Cell attachment and migration are key steps during normal processes such as morphogenesis and immune surveillance, but are also intimately involved in pathologies such as tumor growth and metastasis. Recent studies have called attention to the nature of the cell-material interface and its poorly understood role in both physiological and pathological contexts. Because cells sense and respond to multiple environmental cues, the biochemical and biophysical presentation of ligands can regulate a variety of cellular characteristics such as adhesion, migration, differentiation, and survival.

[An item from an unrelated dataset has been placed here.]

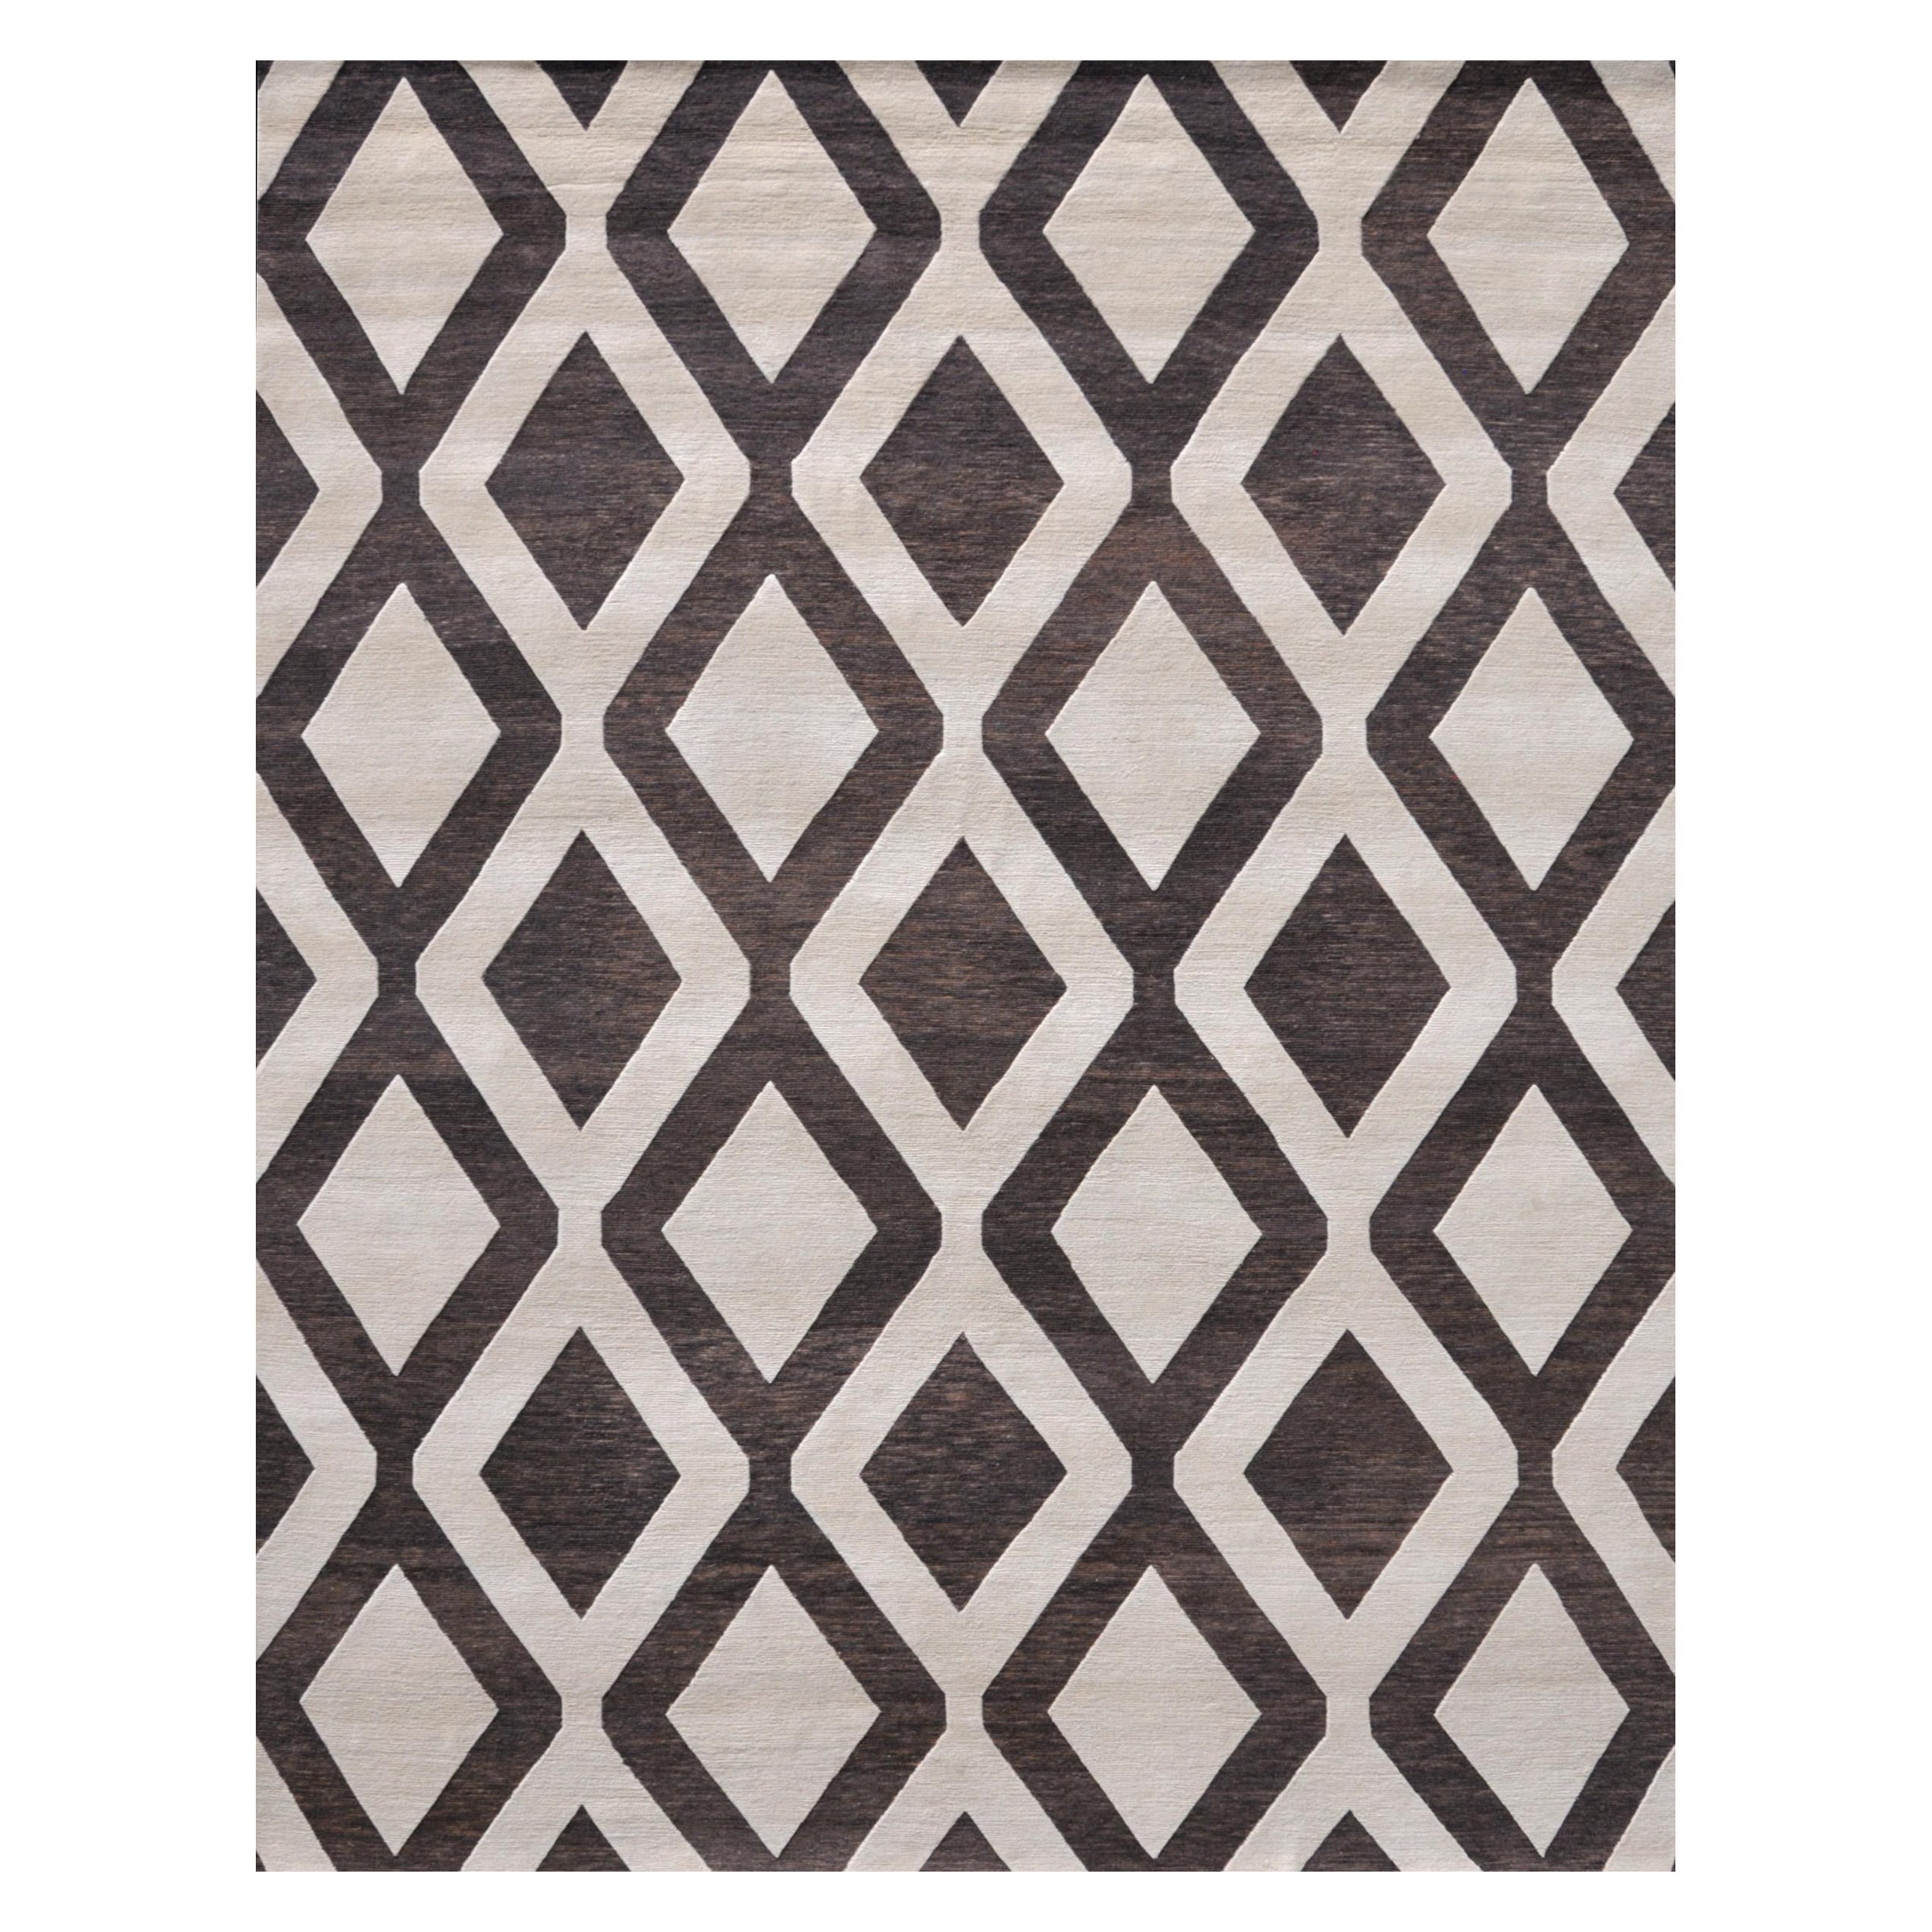 "Crossover - Brown & Cream" /  9' x 12' / Hand-Knotted Wool Rug For Sale

We report the development of a dynamic polymeric bilayer to examine and potentially control receptor-ligand interactions. The self-assembly of amphiphilic block copolymers (1,2-polybutadiene-b-poly(ethylene glycol): PBd-b-PEG) at the air-water interface allows us to control the presentation of ligands at the surface as well as polymer orientation (e.g., brush or mushroom). The hydrophobic block PBd provides a means for controlling surface diffusion by cross-linking while the hydrophilic block PEG is biocompatible and resistant to protein adsorption. Transfer of our interfacial monolayers onto a substrate via a Langmuir-Blodgett/ Langmuir-Schaefer (LB/LS) technique results in biomimetic surfaces with a dynamic character, because lateral diffusion of ligands is preserved. This type of film structure and behavior closely resembles that of lipid membranes, with polymer films having increased robustness and dynamic range. Biofunctionalization of this block copolymer with the tripeptide RGD allows specific interaction with cellular integrin receptors, while mixing with unmodified material of similar or varied molecular weights will control effective ligand concentration and accessibility.

The tunability and characterization of our surfaces by ellipsometry, atomic force microscopy, dynamic contact angle, and fluorescence methods will be discussed. Preliminary results on cell adhesion will also be presented. These surfaces will initially be used to study the mechanism of invasive cancer cell adhesion and migration with a focus towards understanding the metastatic ability of cancer cells.